ARE THE VANCOUVER OLYMPICS TO BE A FINANCIAL DISASTER OR NOT? AND OTHER OLYMPIC MATTERS

POSTED RESPONSE TO A COLUMN BY GARY MASON IN TORONTO'S GLOBE AND MAIL

"But if you're going to suggest, as Olympic critics do, that the Games have cost $6-billion, at least have the decency to say that a good chunk of that amount – $4-billion, in fact – has gone to things that were going to get built anyway."

This is just a roundabout updating of Mayor Drapeau's infamous line about Olympics and deficits and having babies.

Of course, in the case of Montreal 1976, we were left with a whopper of a deficit, and some of the infrastructure was poorly designed and built in the rush, yielding far less utility in the future than structures carefully done over time.

There's no reason on earth a city the size of Vancouver, not really a terribly large city, would have been spending $4billion on infrastructure.

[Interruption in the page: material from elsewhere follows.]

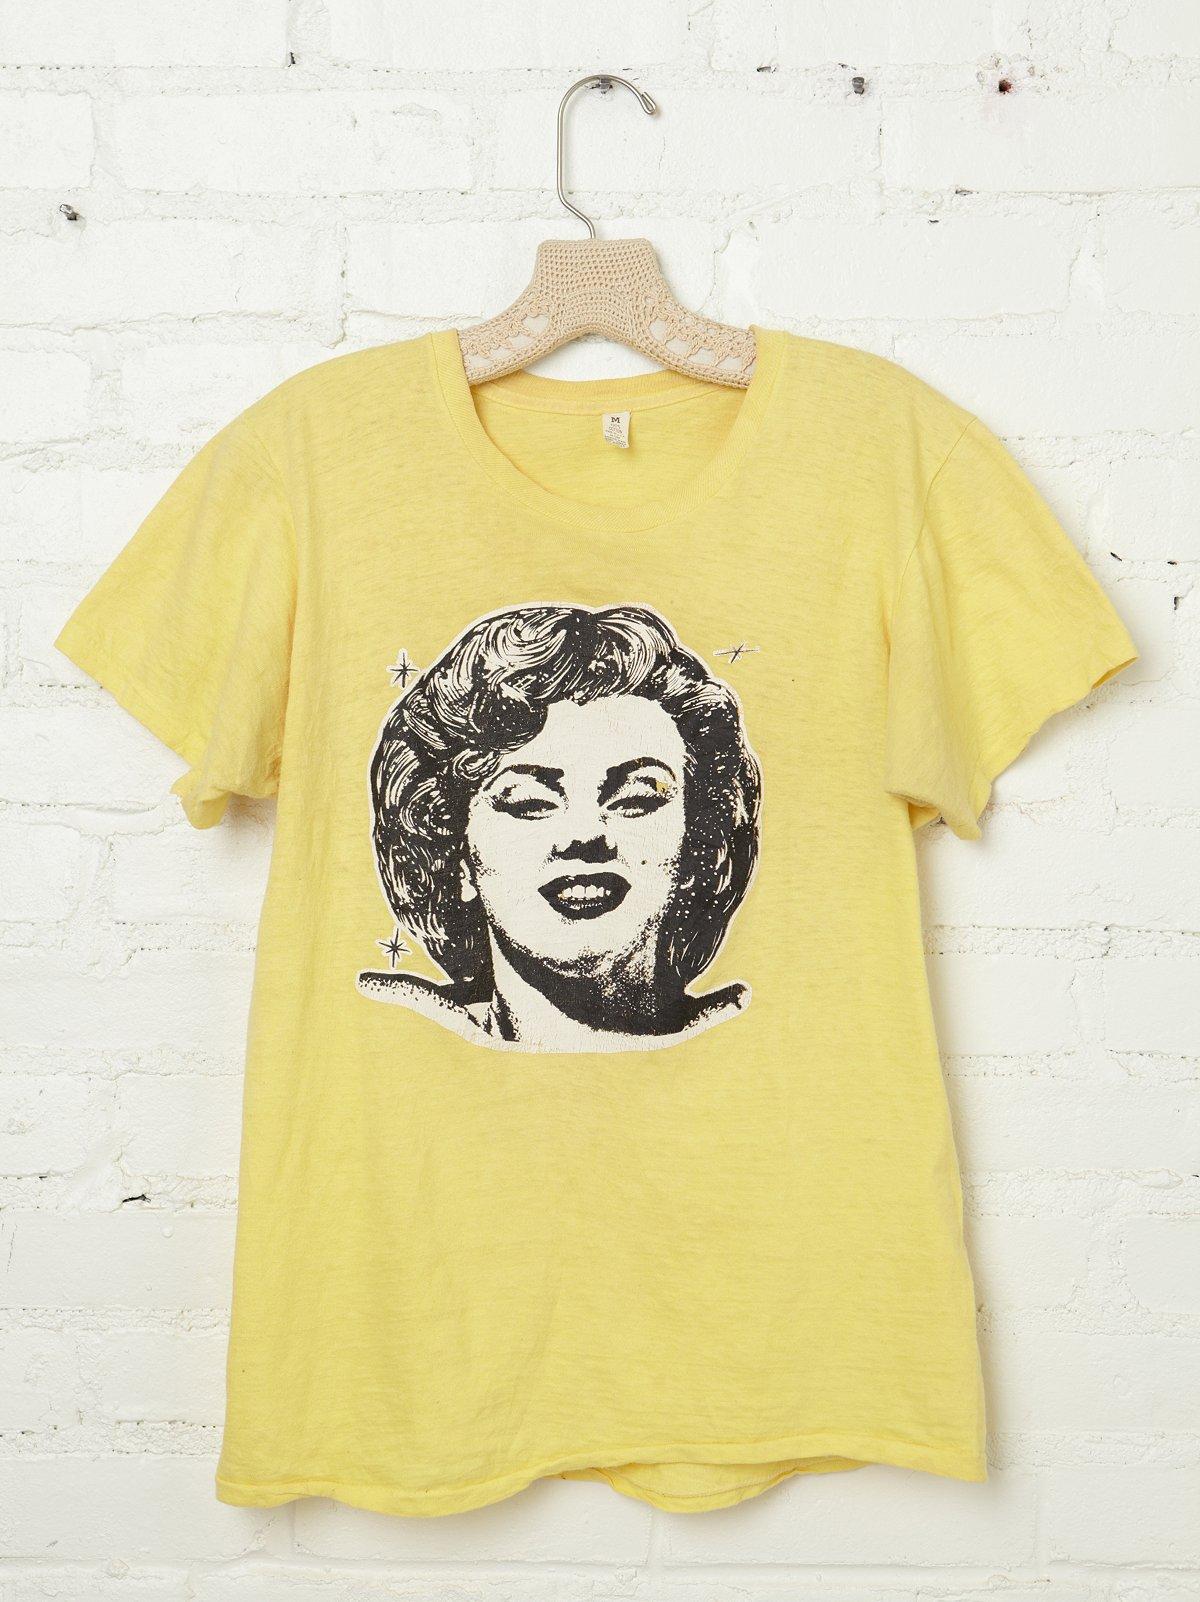 Vintage 1970s Marilyn Monroe Tee

And the comment on the immense security cost, above, is on the mark: we are at the point where a public event requiring this much security is not worth it.

The excesses of the modern Olympics are beyond counting, but they may perhaps be best symbolized by the Olympic Torch Relay. It costs a fortune to pull off this meaningless quasi-barbaric ritual in a country the size of Canada.

And what are its origins? The 1936 Olympics in Germany, a country under great international pressure at the time over its suitability to host the Olympics and a country then given to lavish quasi-barbaric rituals.

The infamous Joseph Goebbels put the first Torch Relay into the modern Olympics, and we still mindlessly repeat it.

It has no connection to the origins of the Olympics, and, indeed, the entire modern excess called the Olympics has no relation to the ancient, relatively simple event.

Vancouver, as was China, is a gigantic, immensely expensive Las Vegas show, a glitzy, vacuous temporary temple to sports not even paid for by the people enjoying it.